Given the difficulty of enumerating largely fluid populations border demographics are approximate, as they were in the mid-nineteenth century when a patrician Easterner named John Russell Bartlett set out to map the new United States-Mexico boundary established by the Treaty of Guadalupe Hidalgo. At one point, Bartlett’s diary records, “We asked, ‘How many people are there in Chinapi?’ The reply was ‘Bastante.’ Enough…. Had I asked if the place contained five hundred people, the answer probably would have been ‘Quizás.’ Perhaps.”

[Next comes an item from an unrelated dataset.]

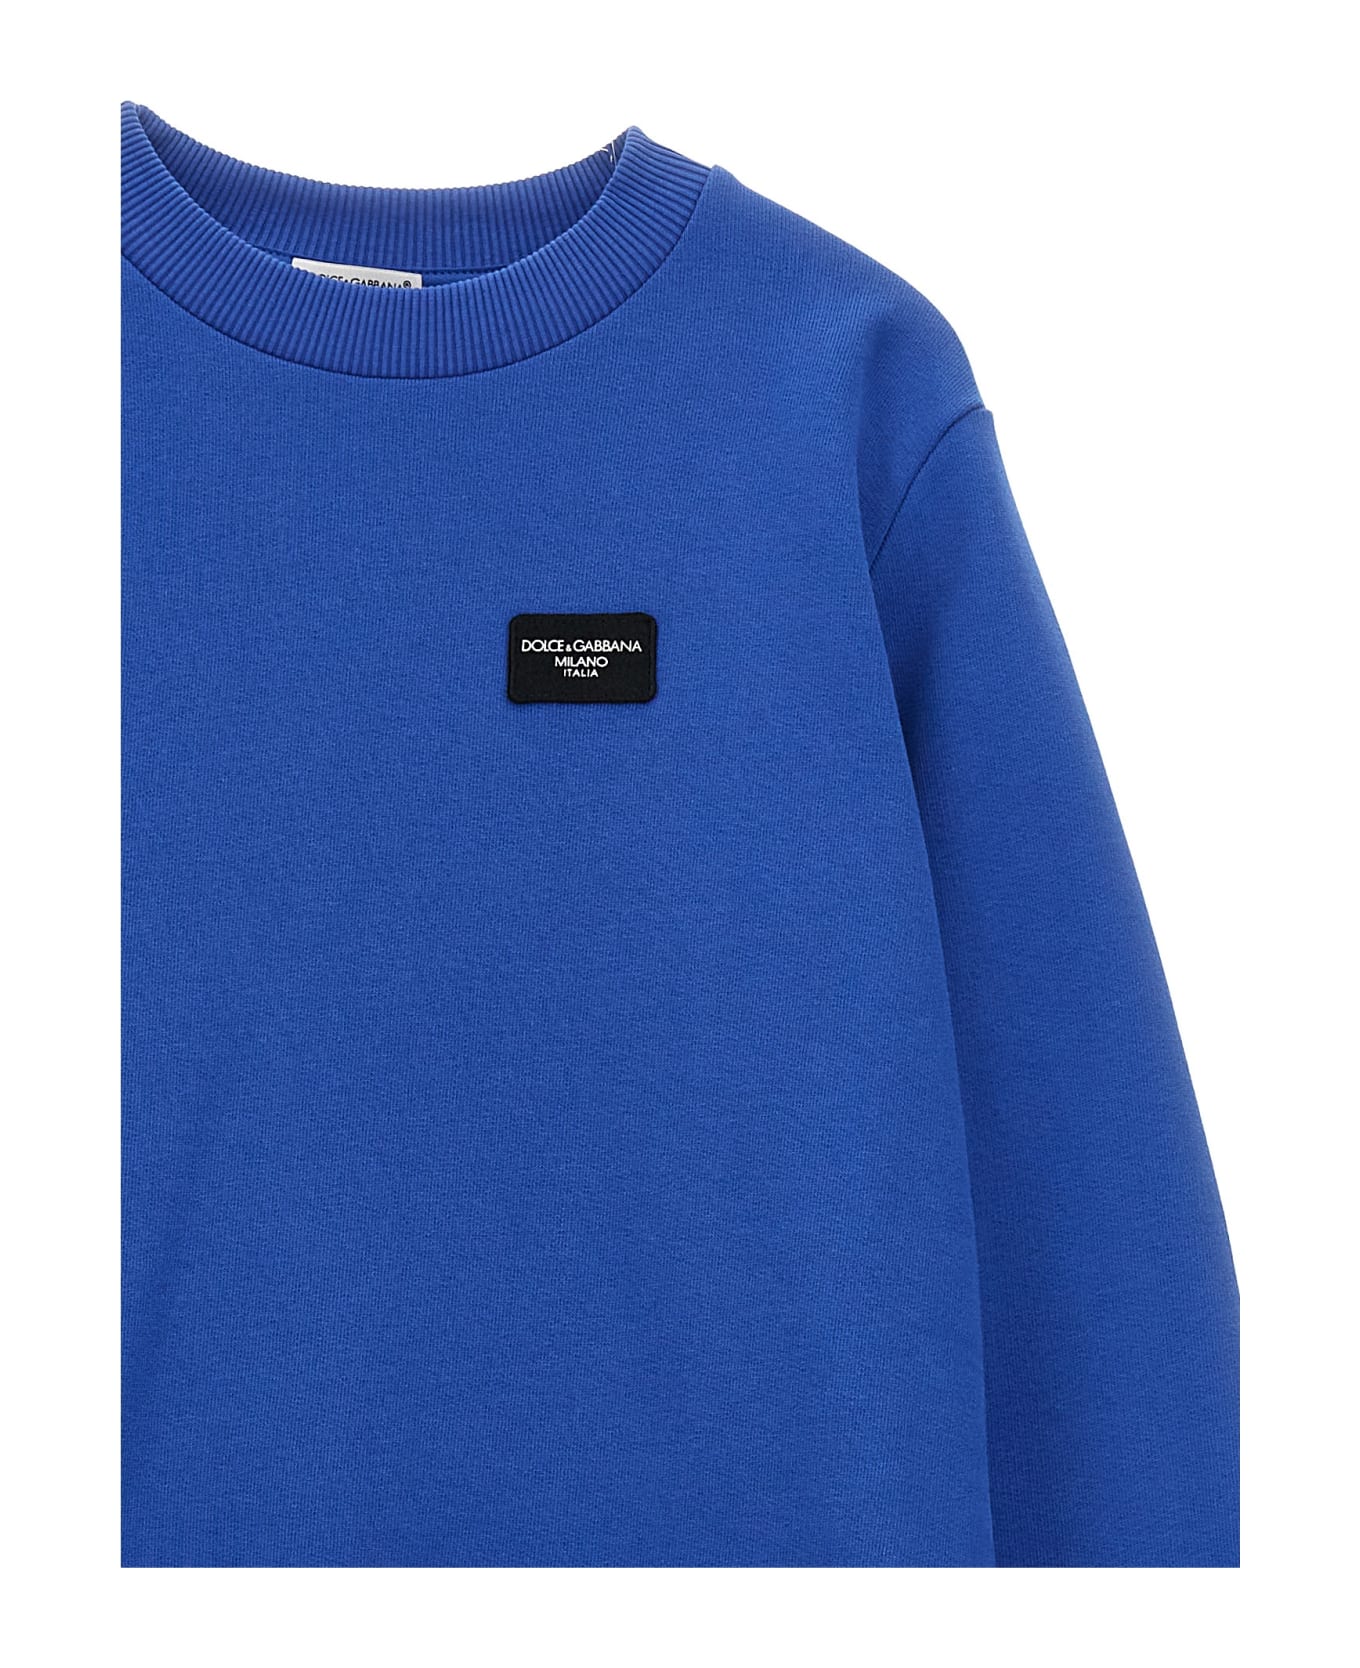 Dolce & Gabbana Logo Sweatshirt - Blu

Census taking is still difficult, not only in the Mexican “ciudades trampolinas” that serve as staging areas for those from the interior waiting to slip across the border on their way to Los Angeles and points north and east, but also on the US side. Until this year, United States Census forms in Spanish were not easily available and many older Mexican-Americans who grew up long before bilingual education simply went uncounted. There are probably about four million people living on each side of the border, and though the population of the region appears to be growing at an astonishing rate the myth of a sleepy backwater persists—one of the Washington correspondents who accompanied President Reagan to his meeting last February with José López Portillo, the Mexican president, referred to Juarez, where the meeting took place, as a “border community.” By most estimates, however, the population of Juarez is now close to one million, making it larger than all but six American cities. Taken together with El Paso, its twin, whose population is approaching half a million, the city of “El Juarez” would replace Houston as the nation’s fifth largest. (San Diego and Tijuana, with a combined population of nearly two million, would displace Philadelphia as the fourth.)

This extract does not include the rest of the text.